Monday, February 13, 2017
Trying to Confuse my Wheelchair or A Man Without a Demographic
You see one day last summer I went into this boutique that sells women’s lingerie. I was just in there for a few minutes and I didn’t buy anything. The only reason I went into the place was that I was being stalked and I wanted to throw the stalker off the scent.
I wasn’t being literally stalked, just virtually. I just got this new wheelchair at the time and there’s a display window on the drive box that shows the time and date. And every once in a while a warning appears in the display window commanding me to update the time and date. And chair won’t move until I do it.
Why is it so urgent that the time and date always be current? I surmised that it’s because, like everything else these days, my new chair must contain a secret tracking devise that constantly monitors and records my whereabouts.
Why would the government waste time and money spying on me? That’s the thing. I don’t think it’s the government that’s behind it. I think it’s an even more evil entity with a sinister agenda and elaborate spy apparatus, like maybe Google or Facebook. They made a deal with the wheelchair manufacturer and they’re watching my every move with their tracking device so as to determine my demographic so they can bombard me with the proper barrage of targeted ads on the internet.

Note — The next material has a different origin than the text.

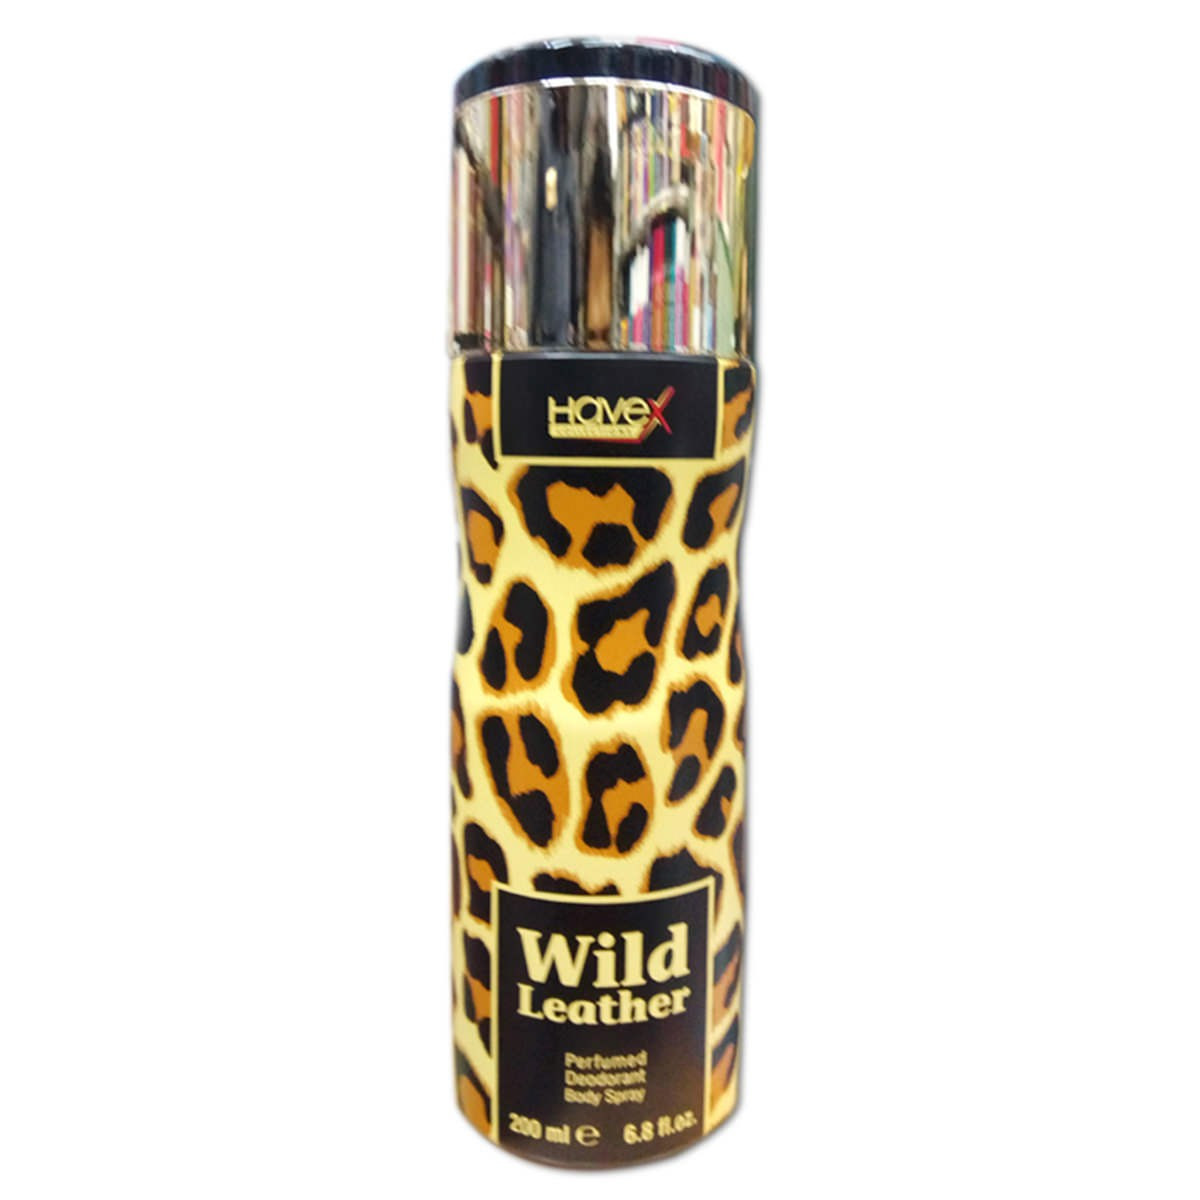 Havex Wild Leather Body Spray 200ml

And I resent that. My demographic is none of their damn business. And just what the hell is my demographic anyway? I like to think of myself as a man without a demographic. Demographics are dehumanizing. They’re a pigeonhole, a trap. So whenever I catch myself settling too comfortably within the constraints of a certain demographic, I try to engage in some form of undemographiclike behavior, just to keep myself honest. Being a man without a demographic in a capitalist consumer culture can be lonely. It’s like being a man without a country. Your demographic is your home, the place where you find the comfort of community and your sense of identity. A man without a demographic is an expatriate. But oh well.
But you can’t give a virtual stalker the slip like you can an actual stalker. Wherever you go, it goes, like a shackle. The best you can do is confuse it. So when I’m out and about in my wheelchair, I take a lot of detours. I drop in places I would never otherwise ever go, such as American Girl, a Baptist church or a fitness center. I’m doing it to confuse my wheelchair. And then maybe those nosey bastards trying to figure out my demographic will write me off as a lost cause and leave me the hell alone.